What is the area of the shaded figure?

A it is. Completing the triangle having 45'45'90 angles.

Hi,

The figure can be split into two triangles:
tri(ABE) & tri(DCE)

Assuming \(CE=DE=x\)(since angle C = 45)
\(CD = \sqrt{2}x = \sqrt{2} + \sqrt{2}/2\)
or \(x =3/2\)

\(area(DCE) = (1/2)*x^2=1/2*3/2*3/2=9/8\)

Now, in tri(ABE)
\(AE = AD-x=\sqrt{3}/2\)
ratio of sides opposite to angles \(30:60:90=1:\sqrt{3}:2\)
Thus, BE=1/2
\(area(ABE)=1/2*AE*BE=1/2*\sqrt{3}/2*1/2=\sqrt{3}/8\)

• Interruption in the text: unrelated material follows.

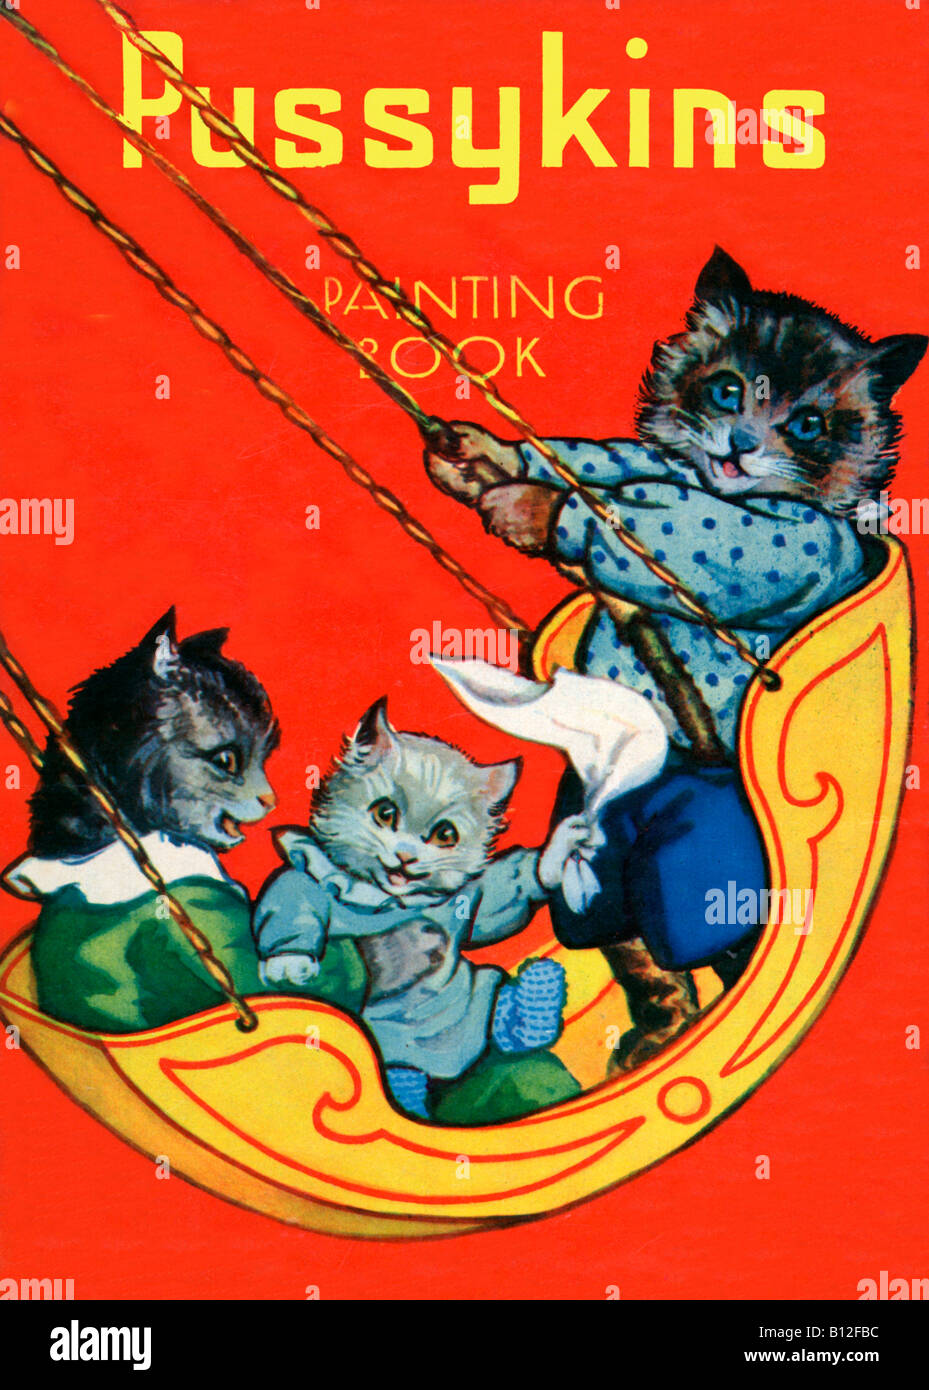 Pussykins Painting Book la couverture d'un livre de coloriage pour enfants des années 1920 avec les chats s'amusant sur une balançoire Banque D'Images

area of the figure = area(ABE)+area(DCE)=\((9+\sqrt{3})/8\)

(A)

Regards,

Nice question we need to know both triangles thr 45-45-90 and 30-60-90, these are a MUST

Now the first triangle is the 45-45-90 so the hipothenuse is sqrt (2) + sqrt (2)/2

Therefore the side is 3/2 and area is 9/8

Now for the second triangle we need to subtract 3/2 from (3+sqrt (3)/2) and we get that the side opposite to 60 degrees is sqrt 3/2). Therefore side is 1/2 and area is sqrt (3) /8

So total area is sum of both or 9+ sqrt (3) / 8

Answer is A

Hope it helps
Cheers
J

woah! a tricky and difficult one.

draw a line to make a 45-45-90 triangle and a 30-60-90 triangle.
hypothenuse of the 45-45-90 triangle is sqrt 2 + [(sqrt2)/2)]
knowing the properties of a 45-45-90 triangle, the sides must have the ratio of x-x-x(sqrt 2) or x(sqrt2) = sqrt 2 + [(sqrt2)/2)]. we can conclude that the legs are 3/2. Area of the triangle is thus 9/8
now we know that the exterior angle is 120, thus, interior is a 60 angle. after drawing the above mentioned line, we get the upper triangle 30-60-90, and the proportion of sides x- x sqrt 3 - 2x
since we know the length of the longer line (3+ sqrt3)/2, we can find the leg of the 30-60-90 triangle, which is sqrt3/2. thus we can find the leg opposite the 30 angle, which is 1/2
knowing the legs, we can find the area:
sqrt 3/2 * 1/2 * 1/2 = sqrt 3 / 8

the area of the figure is the area of the 45-45-90 triangle and 30-60-90 triangle and is equal to
9/8 + sqrt 3/8 = (9+ sqrt 3)/8
A.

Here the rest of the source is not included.